Last November in the family court, Justice Colin Forrest described the treatment of three children by their father and his wife, their step-mother, as “horrendously inappropriate”.
The father, who once asked a barber to shave “Dad’s cool” into his son’s hair shortly before he returned the child to his mother, told Forrest he had not posted a video on social media seeking to raise funds for the case or sent emails to media outlets and other organisations criticising a court ruling.
His wife admitted to sending the email, but Forrest found it implausible that the father did not know about the posts or email.
Forrest then made one of five reports received by the AFP last year about section 121 breaches.

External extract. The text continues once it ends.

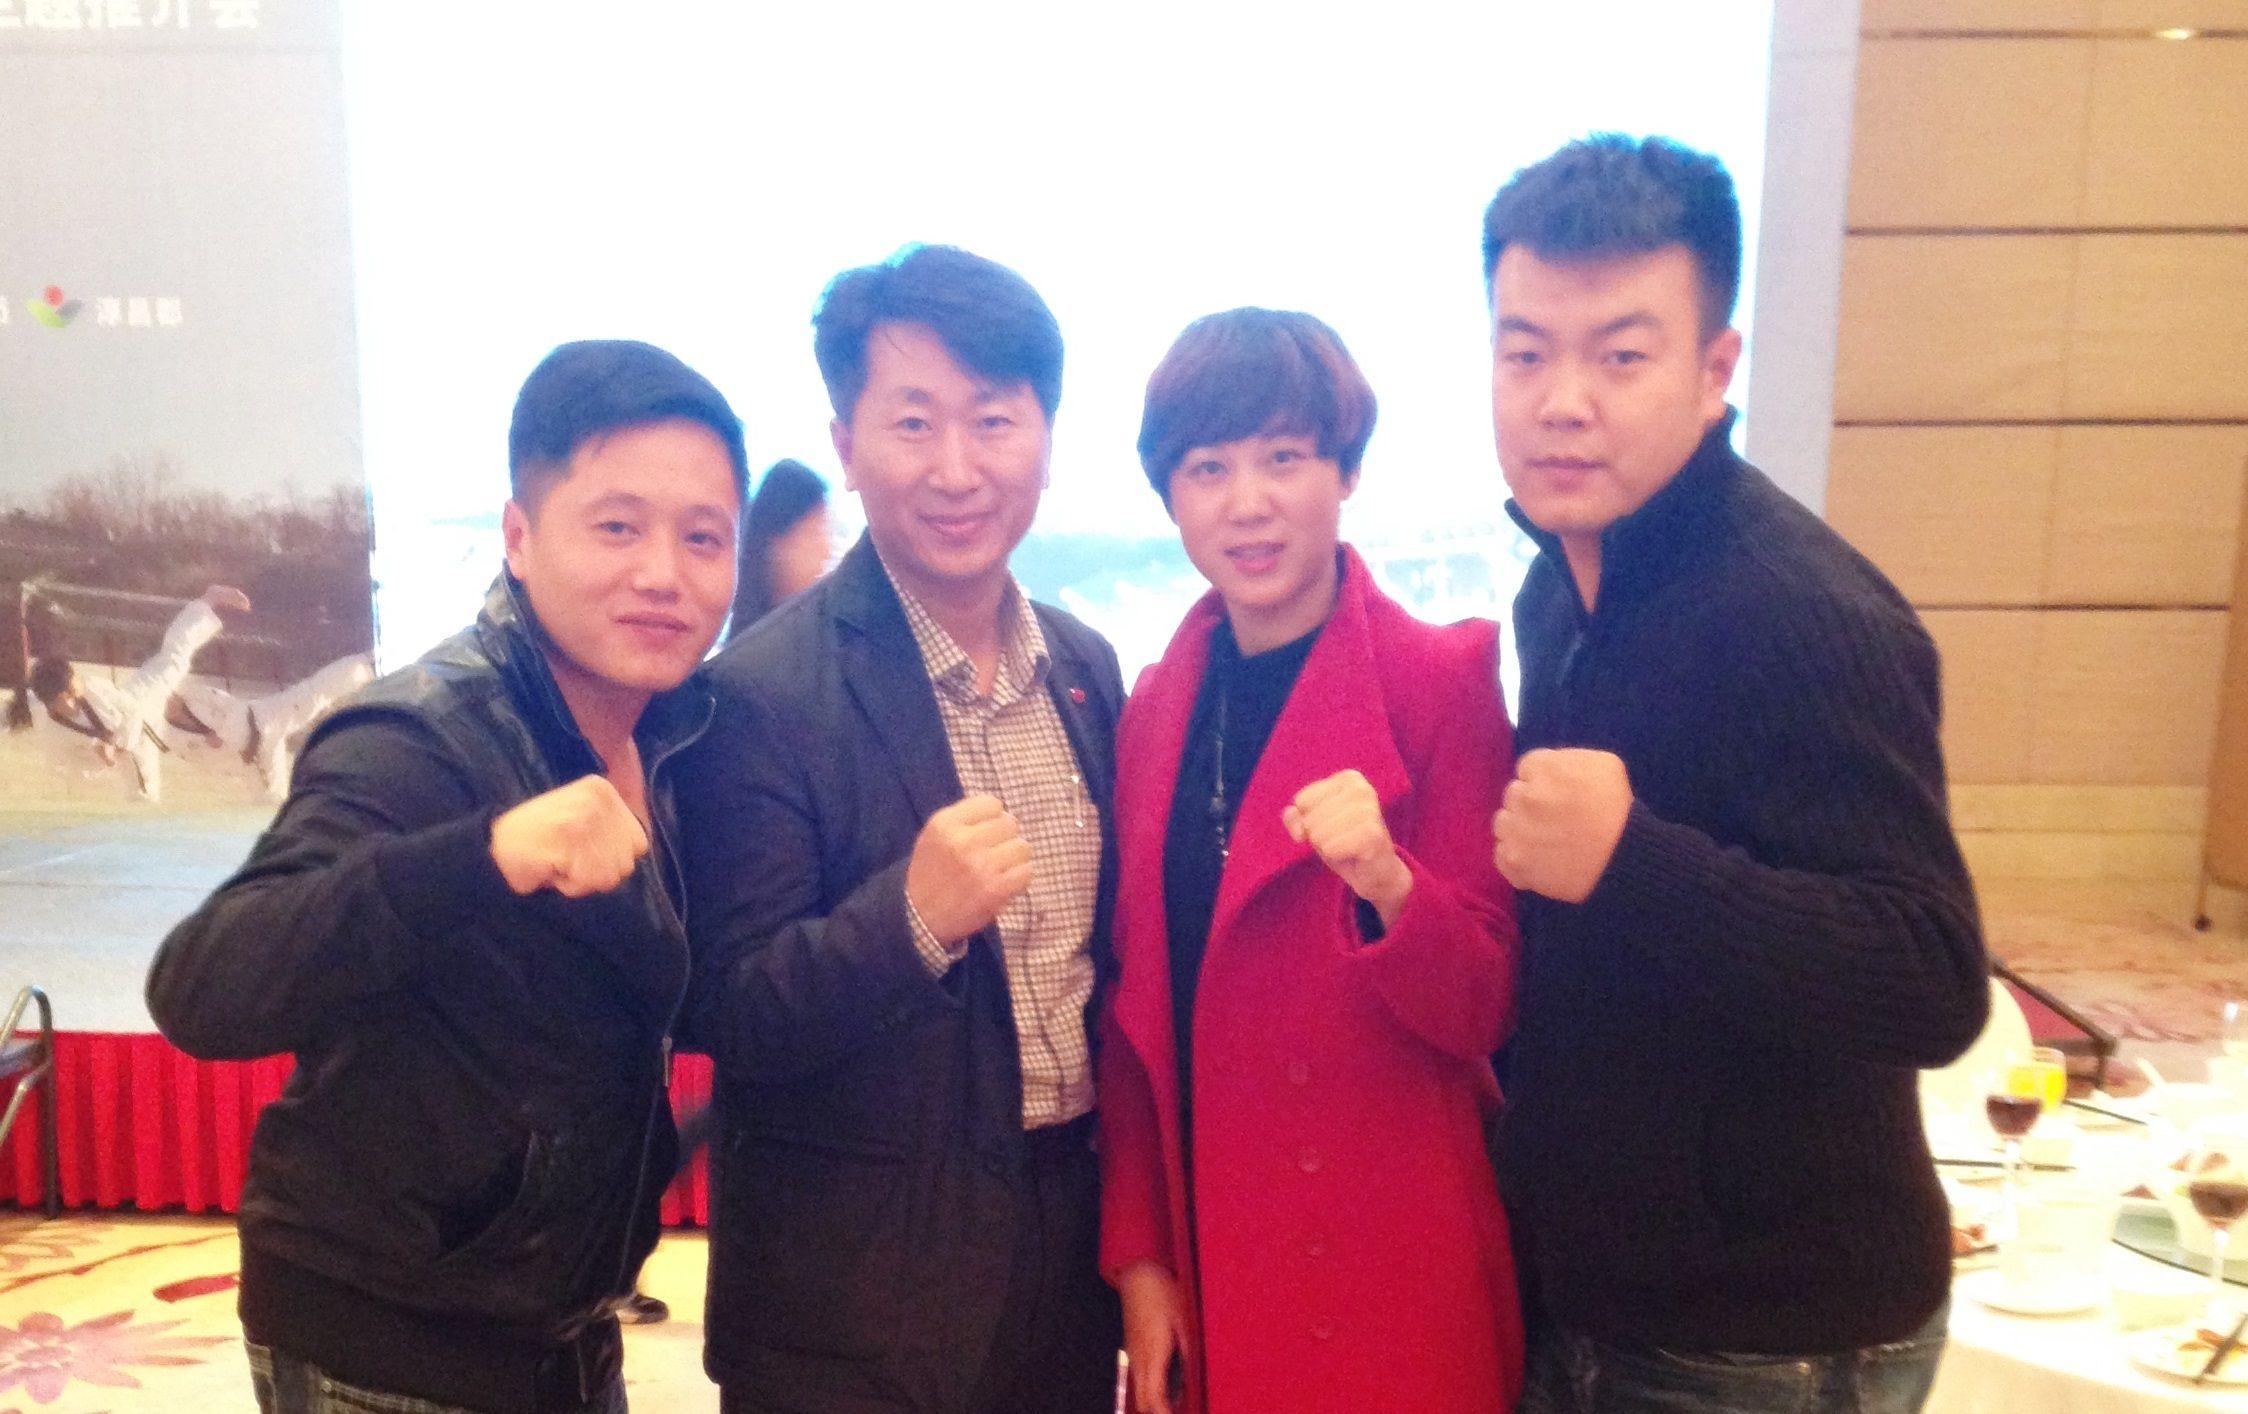 중국 지남 칭따오 태권도원 설명회에서

Forrest told the court his previous referrals included one that resulted in the prosecution of a media company, but another was not pursued because it was considered to not be in the public interest.

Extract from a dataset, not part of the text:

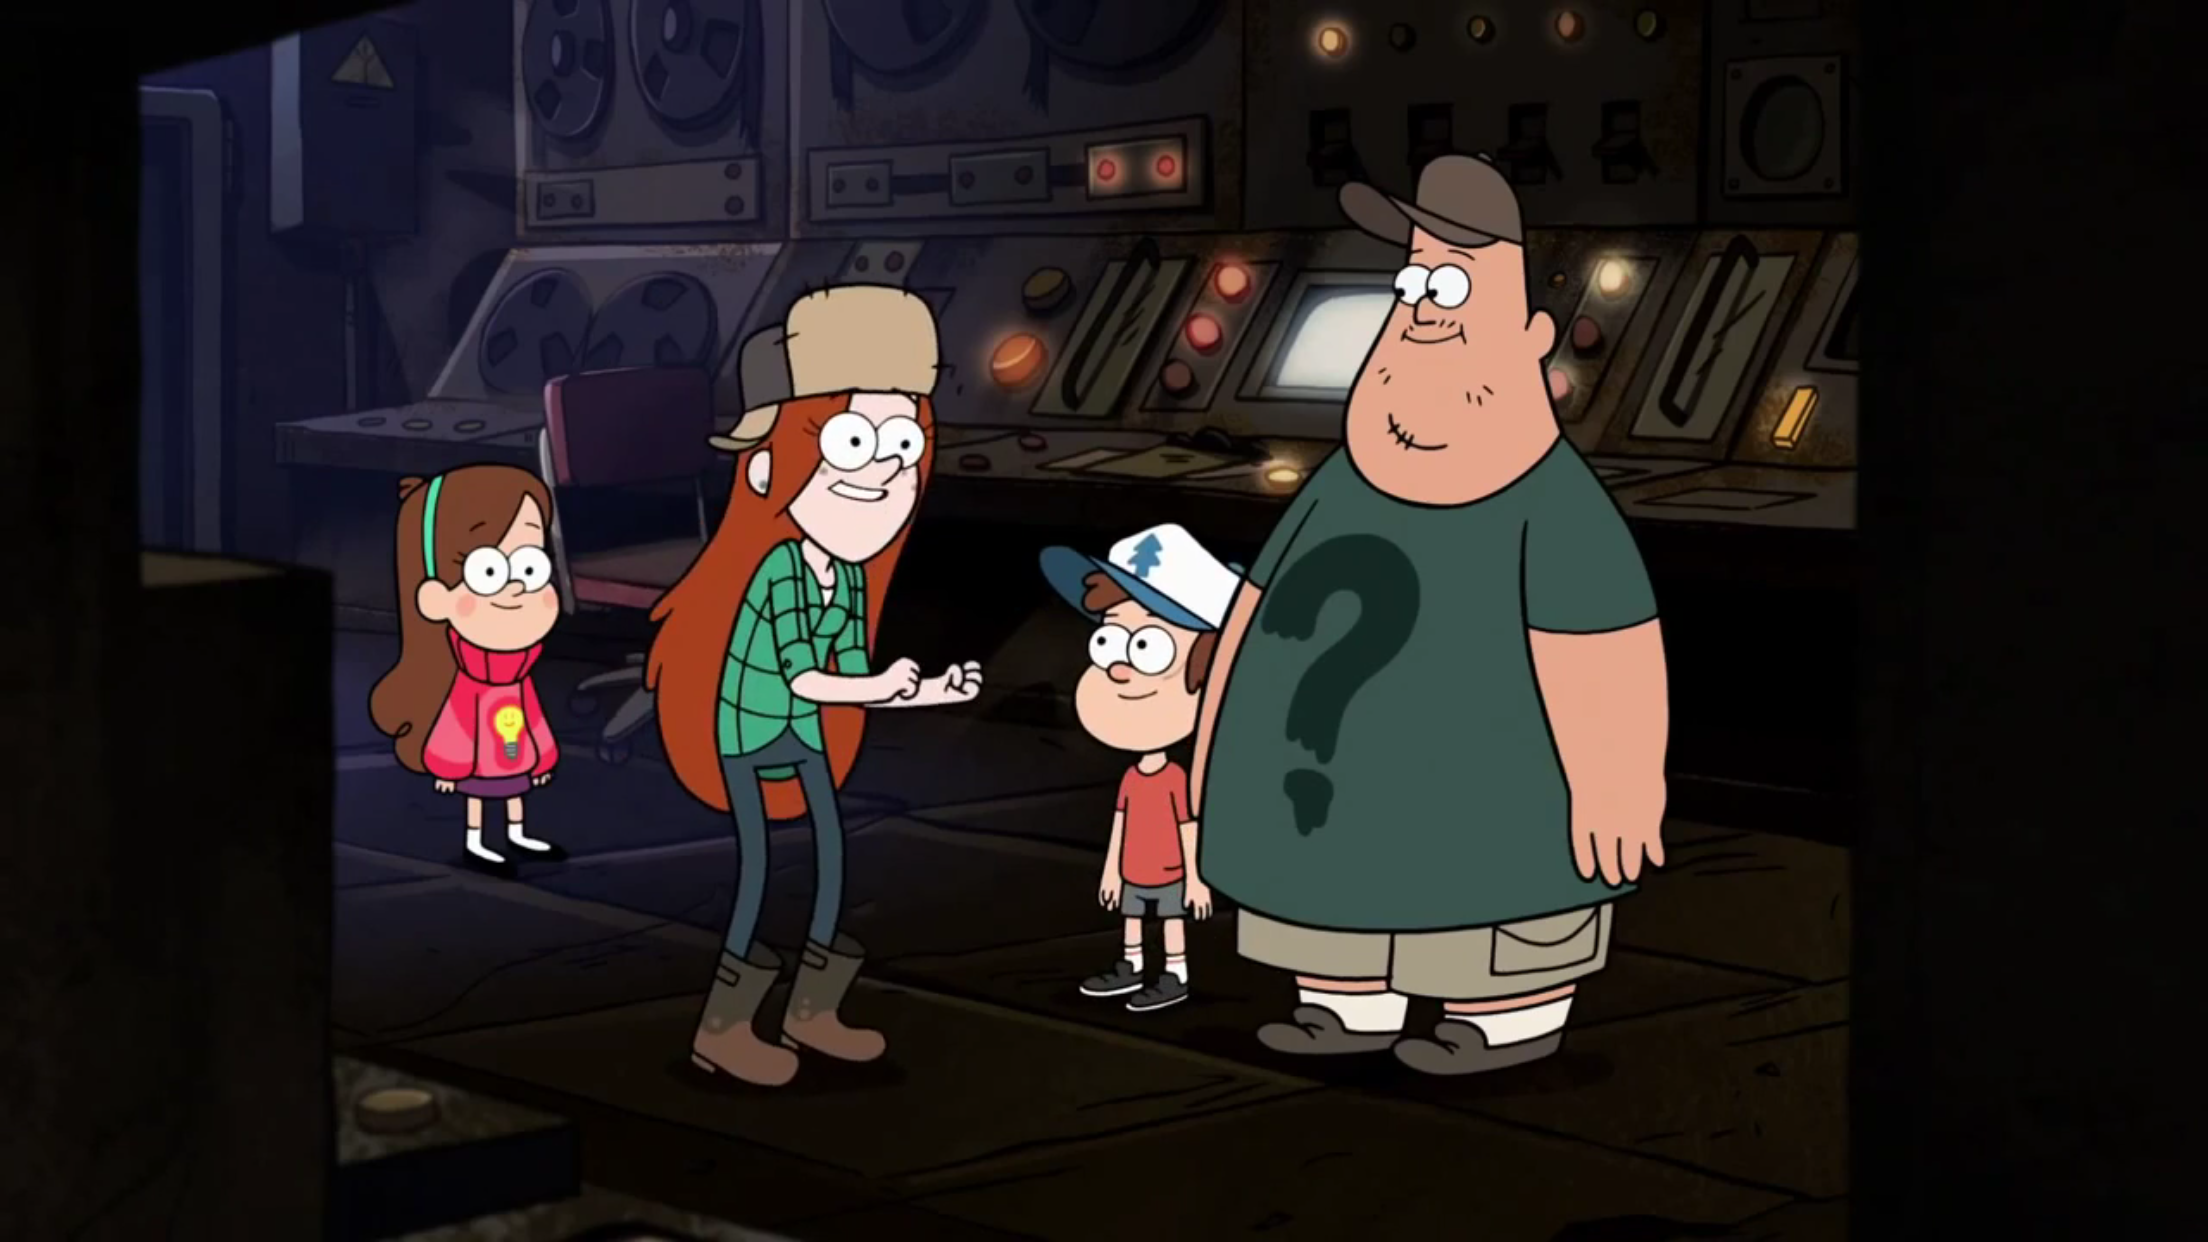 Gravity Falls Dipper Y Mabel Wendy Y Soos Gravity Falls Art Gravity Falls Dipper Gravity Falls

“I see a clear and blatant contravention … and consider it to be entirely appropriate to refer the matter to the prosecutorial authorities for their consideration,” he said.
“How they decide to deal with it will be a matter for them.”
The AFP is understood to generally only prosecute the most egregious branches of section 121.
Every case prosecuted under the act has to get the approval of the commonwealth director of public prosecutions, meaning the public interest must be high. And given breaches are only punishable with up to a year imprisonment, it can be difficult to justify the resources required to, for example, pursue US-based technology companies for data on who has made a post online.
One of the AFP’s most recent section 121 prosecutions related to a man who had been running a website known as WikiInvestigates when he was contacted by two others wanting him to start an online campaign.
The man pleaded guilty and was sentenced to the maximum penalty of 12 months’ imprisonment. His appeal against the severity of the sentence was dismissed by the NSW supreme court in February.
The man was told the target of the campaign would be a father who they claimed had been sexually abusing his twin girls, the court heard.
He got to work, starting a website and Facebook, YouTube, and Twitter accounts.
From March 2017 to February 2018, he published 64 items that included accounts of the court proceedings and was paid $28,500.
In his posts, he alleged corruption amongst politicians, police and the courts, naming individual police officers, child safety officers, psychologists, judges and lawyers, and said “paedophile enablers” had influenced the case.
The court found there was no truth to the abuse allegations made against the father, nor was there any evidence of corruption.
Dr Jacoba Brasch QC, the president of the Australian Law Council and an experienced family lawyer, said breaches of section 121 routinely occurred in family law cases and led to delays and complications.
“The big problem is social media, people posting on social media and then once it’s on Facebook, it’s on Facebook, even if it’s deleted.
“There’s a range of cases that have been reported where, say, a party has brought an injunction to restrain the other party from posting stuff on social media.
“Crowd-funding is another problem as well; parties who crowdfund their litigation and show pictures of the children and say the other side is a monster and I need money to get away from them.”
In some cases, she said, the person had been motivated to find money for a lawyer after being knocked back from receiving legal aid. The problem was two-fold: needing money to fund a case, and not having the guidance of a lawyer who would warn them that such posts were a breach of section 121.
“I understand where they’re coming from, because they can’t get legal aid, [and] equally, they don’t know that they’ve contravened section 121 of the family law act … primarily because most of them act for themselves and aren’t aware.”